Que la historia la escriben los vencedores, es algo que todos sabemos. Es una sentencia anónima a la que la propia historia ha dado una y mil veces la razón. Es por eso que, por ejemplo, de la Guerra de las Galias conocemos tan sólo la versión de Julio César, pero no la de Vercingetórix; o, de la Guerra de Hispania, la versión de Pompeyo y no la de Quinto Sertorio. Es ley de vida, con la que venimos conviviendo desde el principio de los tiempos.
La Historia de los últimos setenta años de esta España nuestra a la que, cada día, como hijos desagradecidos, nos empeñamos en maltratar, ha sido en mayor medida escrita por quienes vencieron en aquella fatídica contienda del treinta y seis.
Fue, como toda guerra civil, despiadada y cruenta: se enfrentaron hermanos contra hermanos, hijos contra padres y padres contra hijos; se cobraron con sangre deudas antiguas con la excusa de una idea...Y es bueno no olvidar lo que pasó, para que no se vuelva a repetir y porque en el pasado, como dijo Donoso, está la historia del futuro.
Y es por eso que cualquier intento tendente a contar la historia con objetividad, como realmente pasó, es digno de encomio, para que nuestros hijos y nuestros nietos sepan que allí, en aquella guerra, hubo buenos y malos en ambos bandos, en ambas facciones hubo Dimas y tras ambas líneas hubo Gestas, tras ambos frentes existieron héroes y también villanos.

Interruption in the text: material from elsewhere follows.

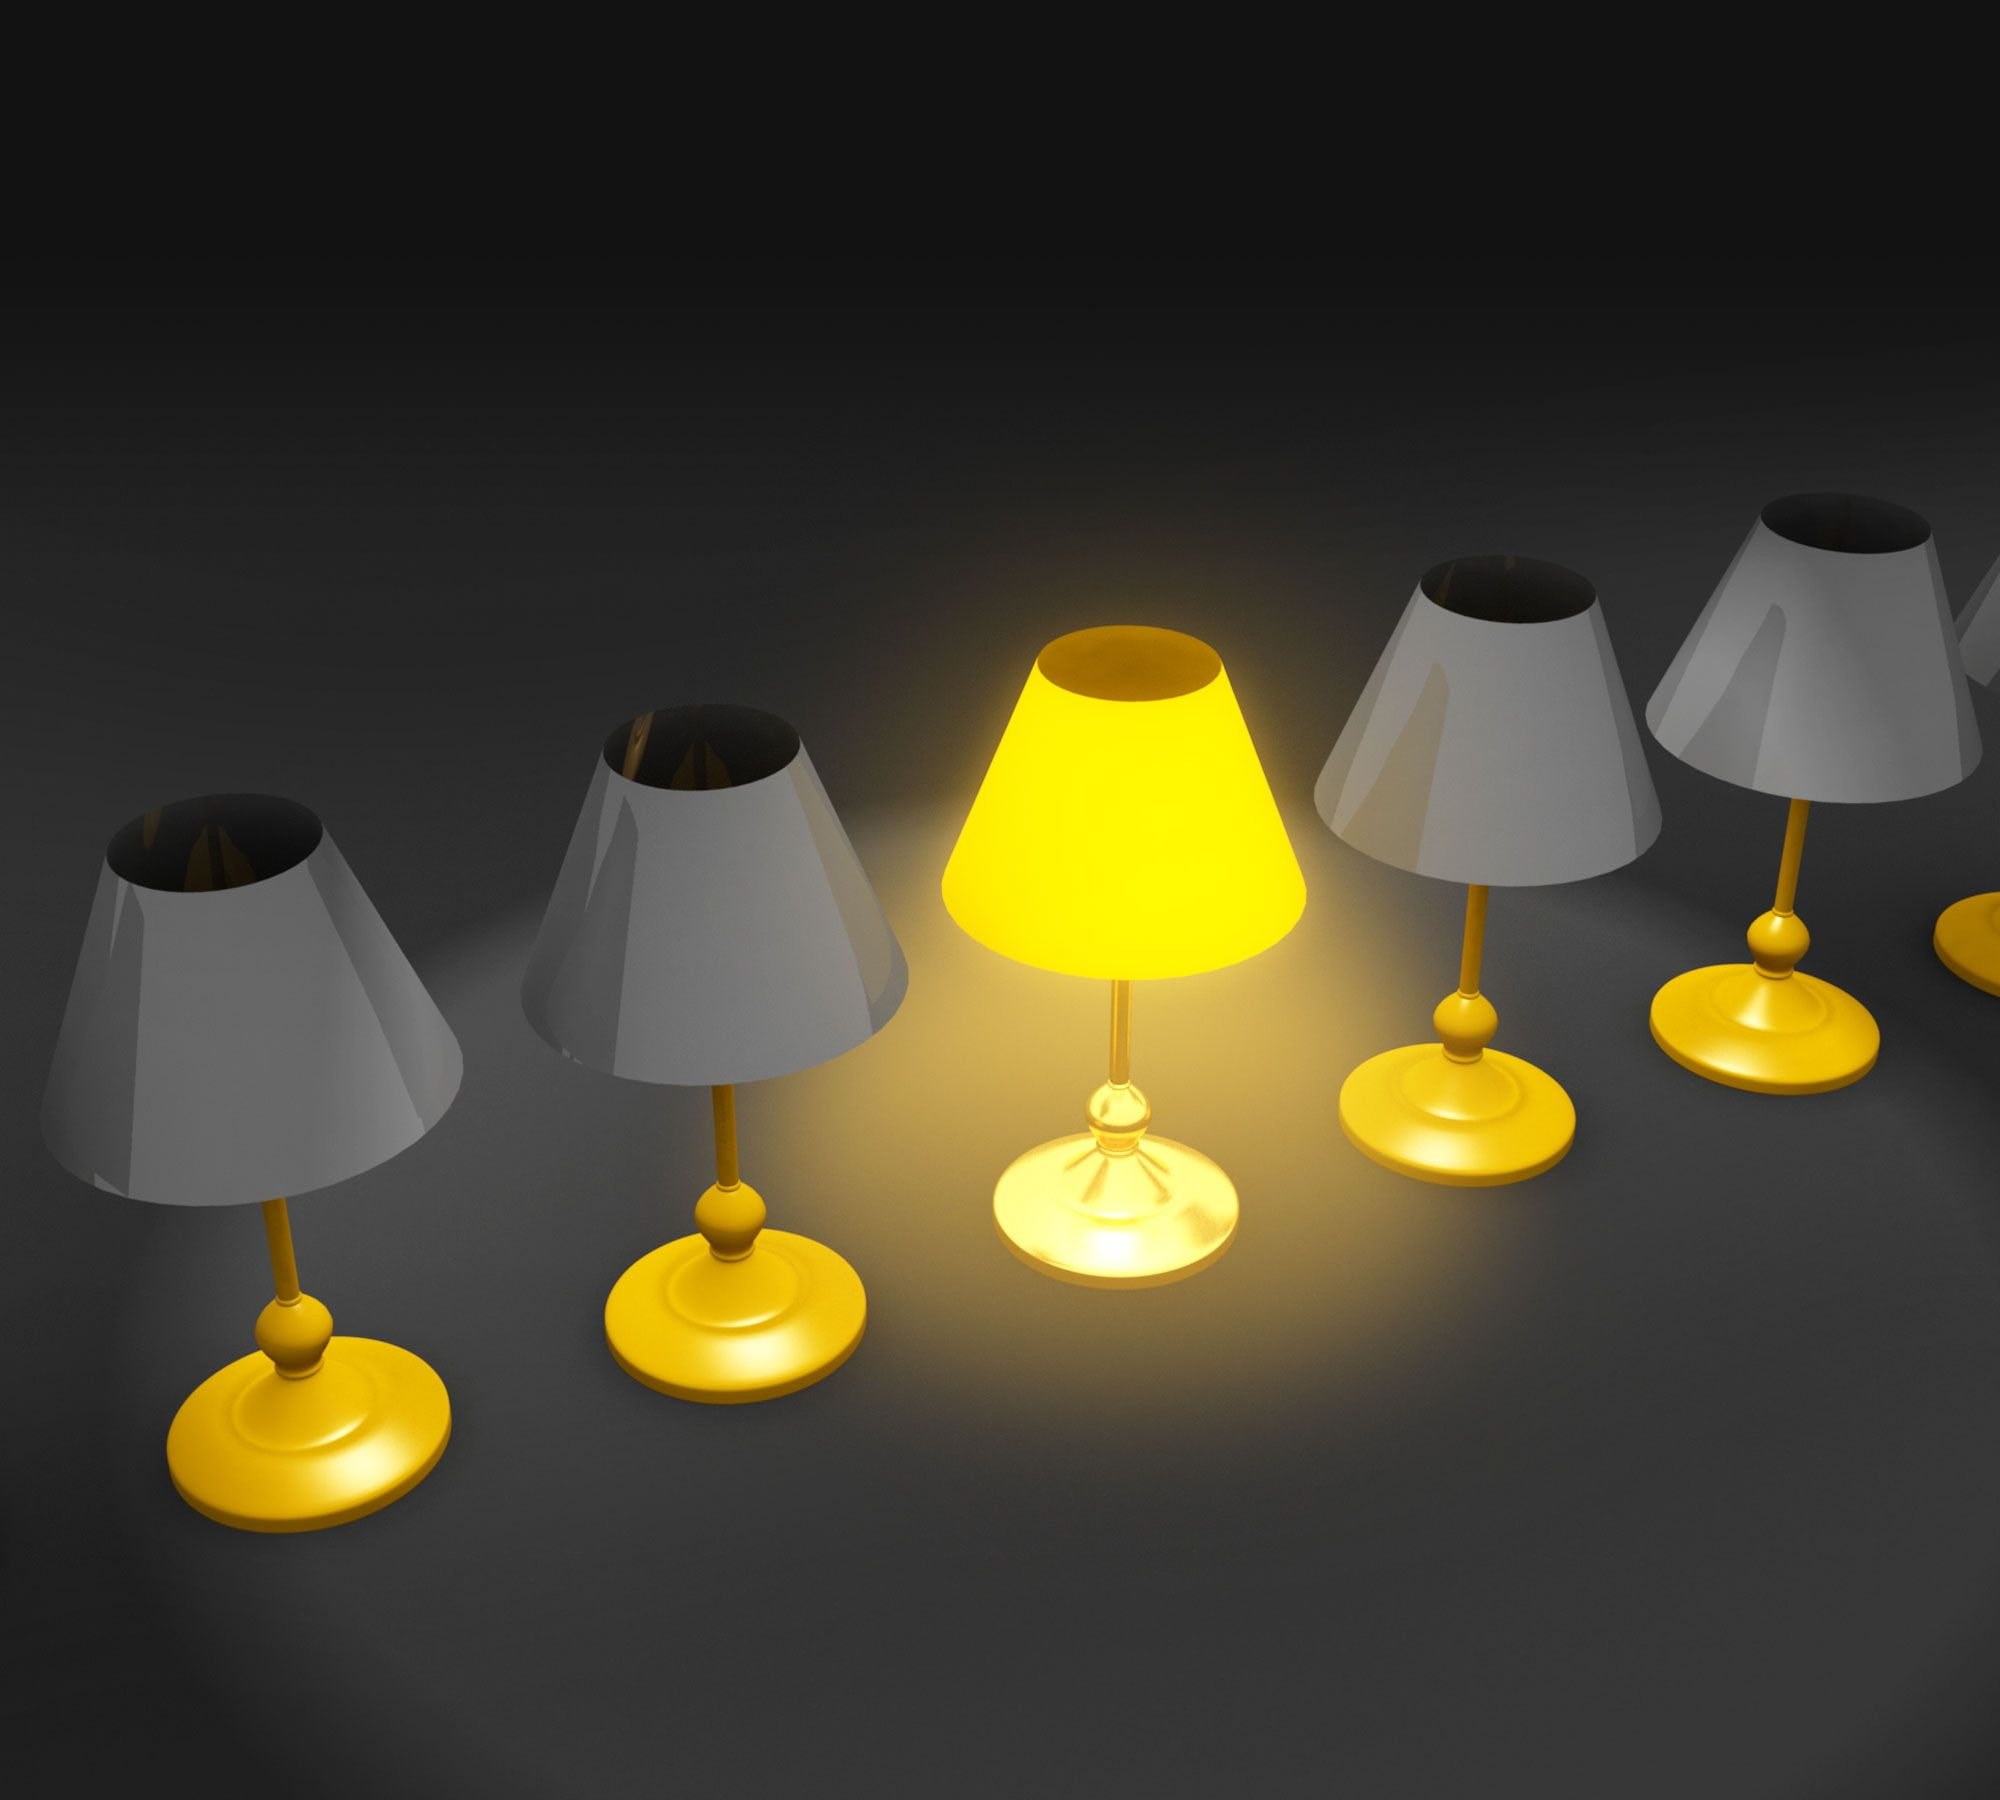 shiny golden lights stock - photo #36

Pero recordar no es igual que revivir. Y rememorar con imparcialidad no es sinónimo de desvestir a unos santos para vestir a otros. Ni es conveniente, para la higiene educativa de nuestros jóvenes, relatar lo que pasó haciéndolo ahora exclusivamente desde la óptica y desde el prisma de quienes durante muchos años fueron obligados -o quisieron, que de todo hubo en la viña del Señor- a callar.
Porque entonces lo que haremos será, no recordar la historia, sino resucitar rencores que ya deberían estar olvidados, reanimar querellas y resentimientos que ya deberían dormir para siempre en el desván oscuro de la memoria.
Contemplo con preocupación iniciativas que, con la excusa de dar voz a los que fueron silenciados y bajo el lema de «memoria histórica», me temo que sólo van a conseguir avivar rescoldos. Porque se cae en el mismo error que se denuncia, y sólo se habla desde una voz, desde una óptica.
Y se desentierran cadáveres con propósitos absurdos, y se santifican méritos oscuros y se silencian glorias evidentes, y se elogian unas trincheras y se denigran otras, y se ensalza a unos mártires y se desprecia a otros, y se vuelve a hablar de rojos y azules, y se vuelve a dejar en carne viva heridas que entre todos cicatrizamos en el quirófano de la transición.
Me preocupa, de verdad, que con fondos públicos, y ya en el siglo XXI, se esté financiando lo que tal vez no sea sino el ansia de revanchismo de los vencidos en una contienda que ocurrió en la primera mitad del siglo XX.
¿Para qué?, me pregunto. ¿No fue el espíritu de esa transición el bálsamo con el que se cerraron las viejas heridas? ¿No cantamos todos Libertad sin ira? ¿Para qué ensanchar de nuevo el abismo de las dos Españas?
Dejemos la Historia a los historiadores. Y dedíquense los políticos, que para eso se les paga, a contruir la España del mañana. Que a mí, como a Jefferson, me gustan más los sueños del futuro que la historia del pasado.